→ Data section:
·····
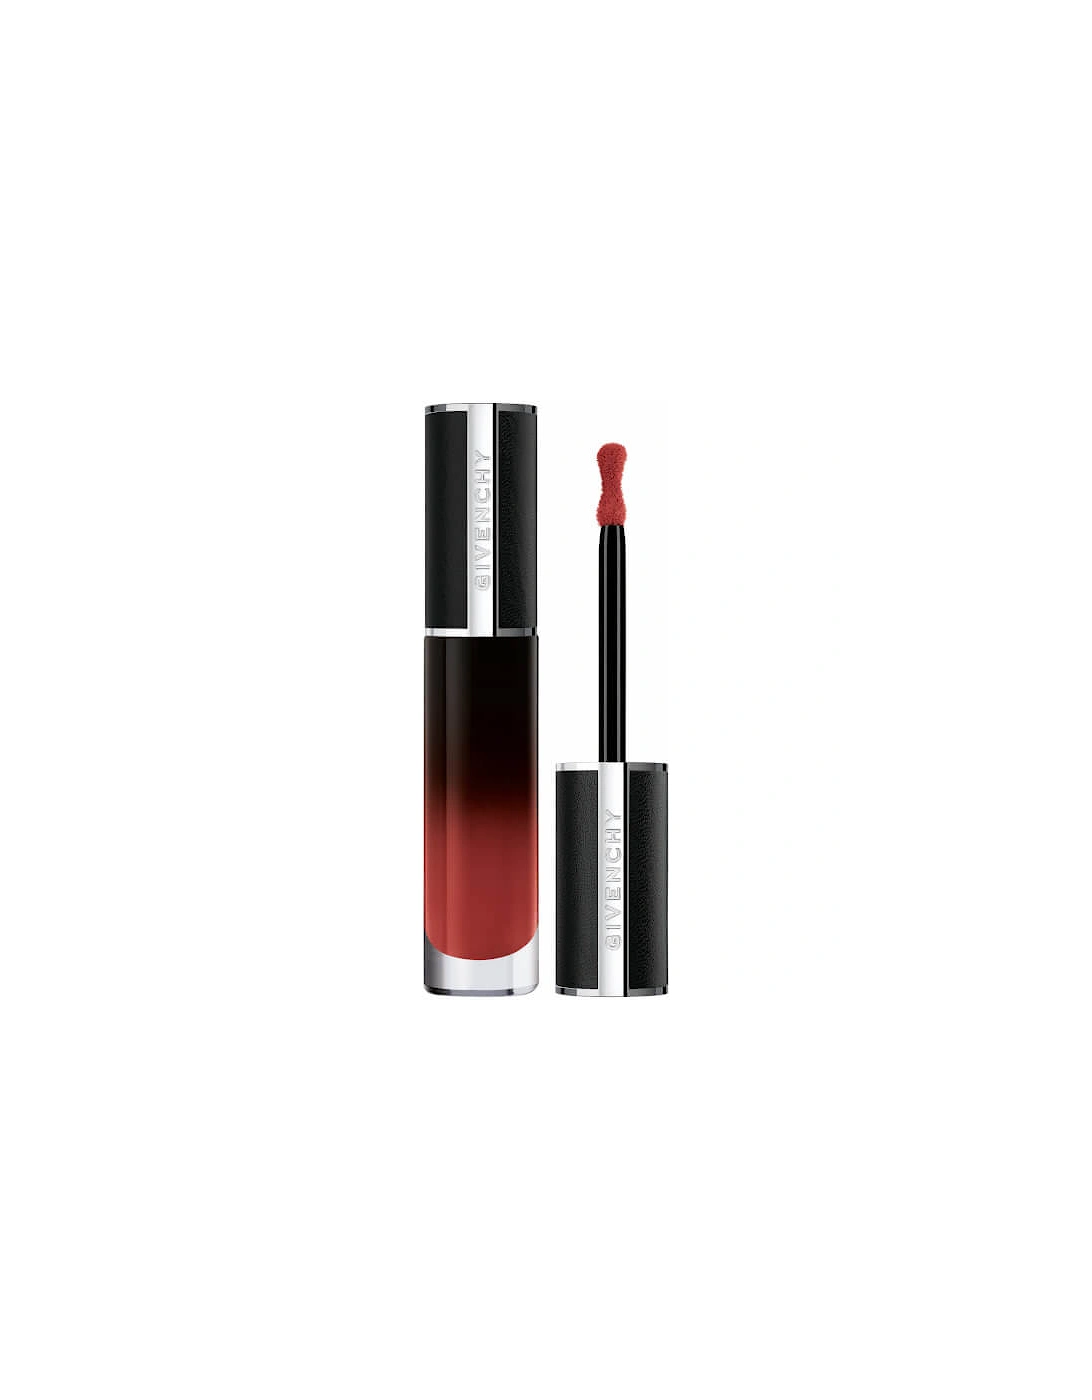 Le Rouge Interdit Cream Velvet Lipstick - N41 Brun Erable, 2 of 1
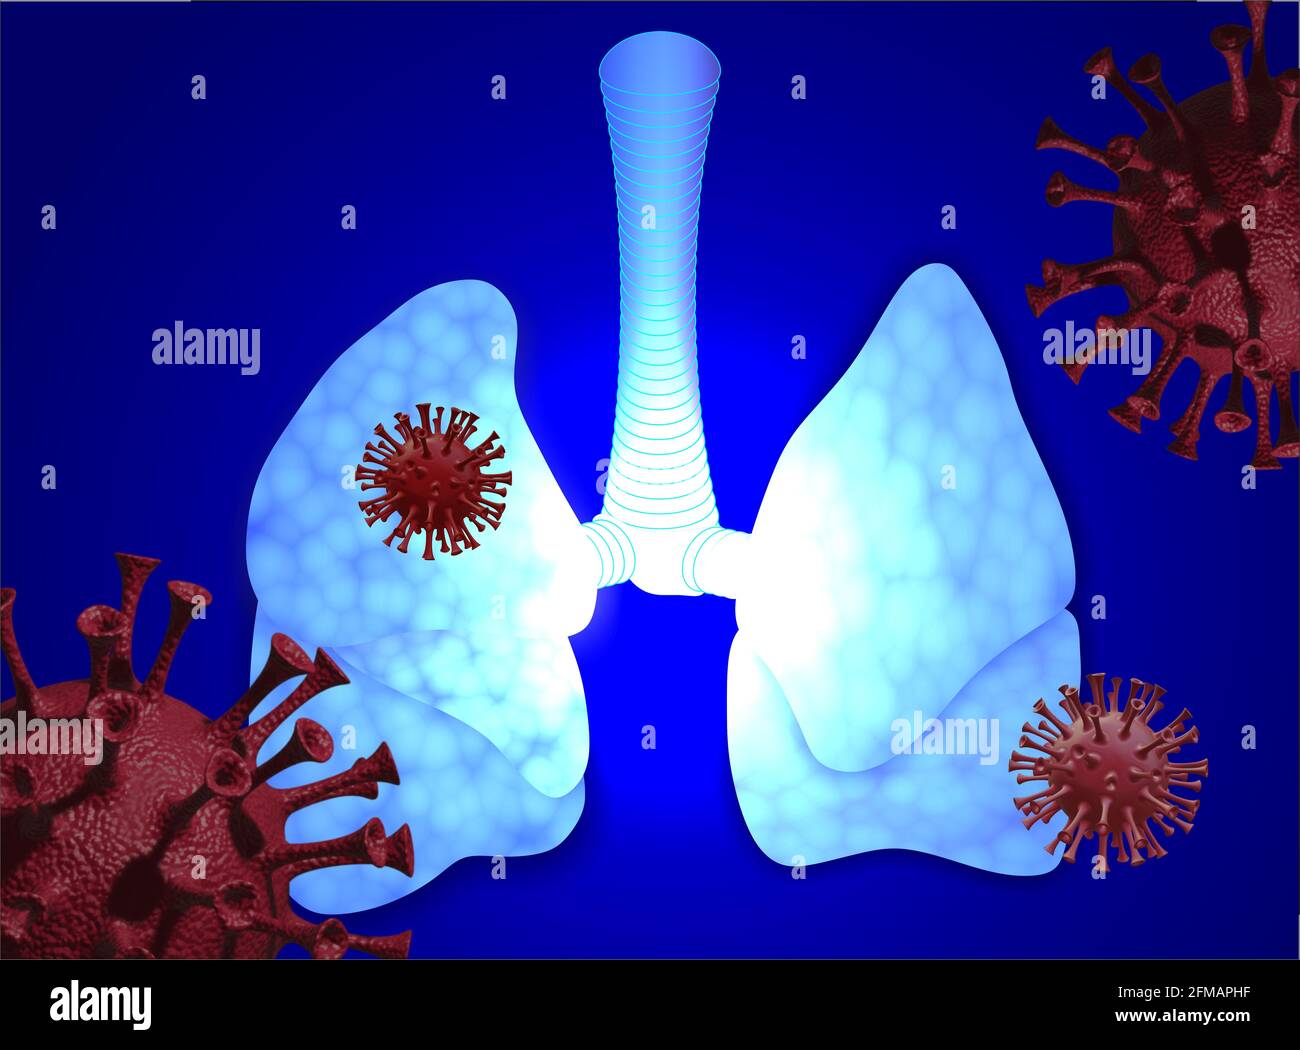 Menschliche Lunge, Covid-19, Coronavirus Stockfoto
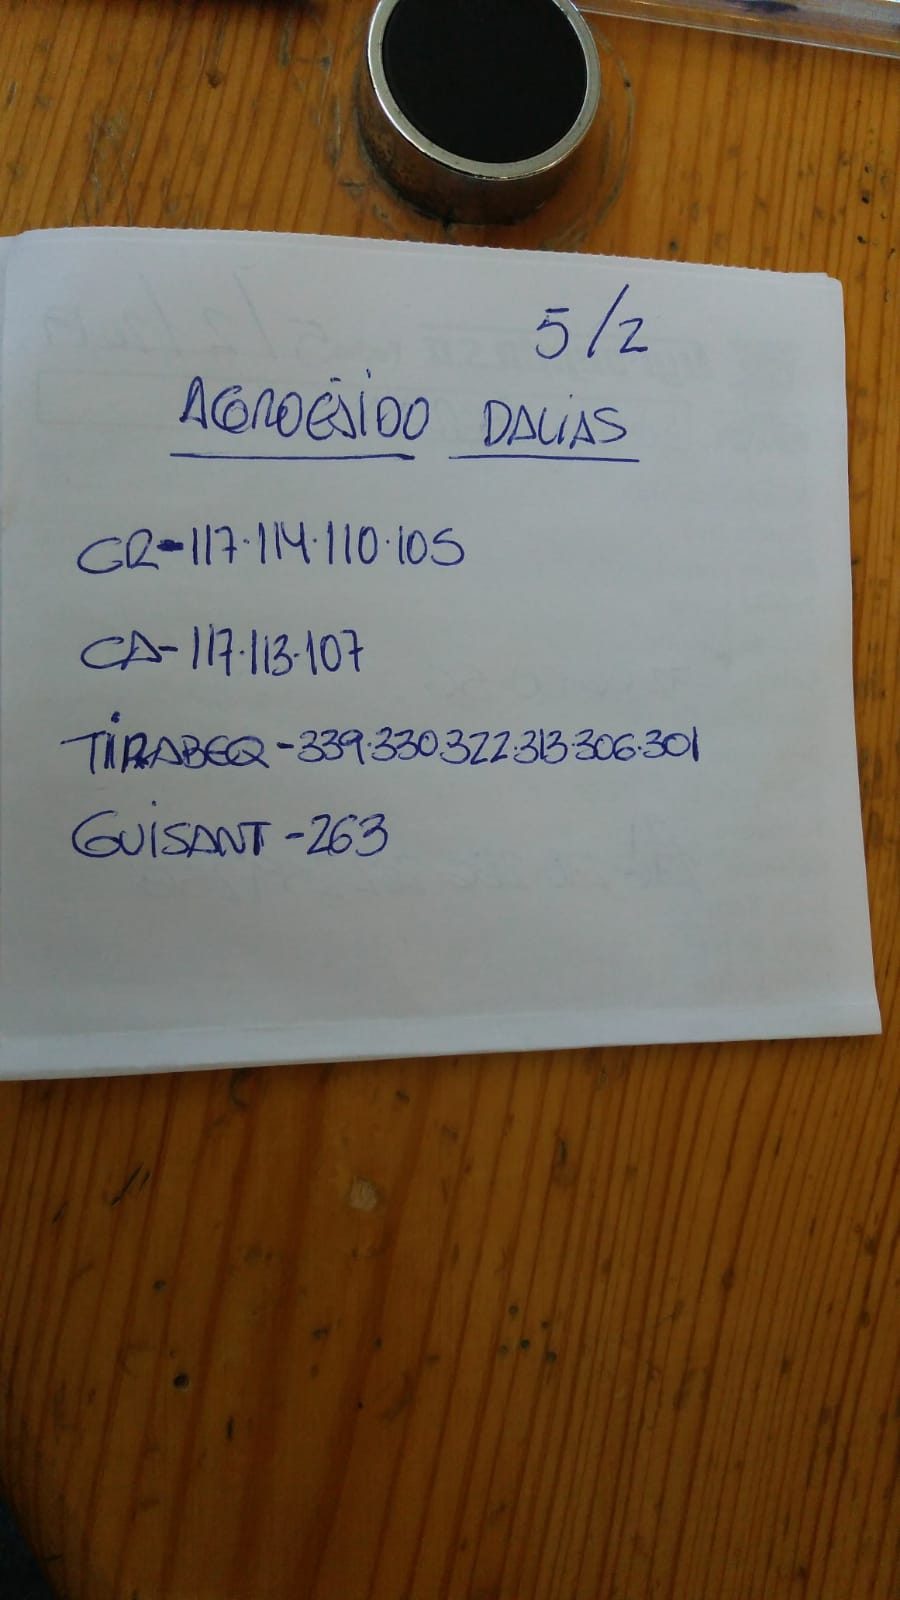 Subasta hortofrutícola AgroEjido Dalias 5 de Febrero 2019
·····
→ Requirement: Pictures aside, the material must be written out word for word.

→ Answer area:
 Le Rouge Interdit Cream Velvet Lipstick - N41 Brun Erable, 2 of 1
 Menschliche Lunge, Covid-19, Coronavirus Stockfoto
 Subasta hortofrutícola AgroEjido Dalias 5 de Febrero 2019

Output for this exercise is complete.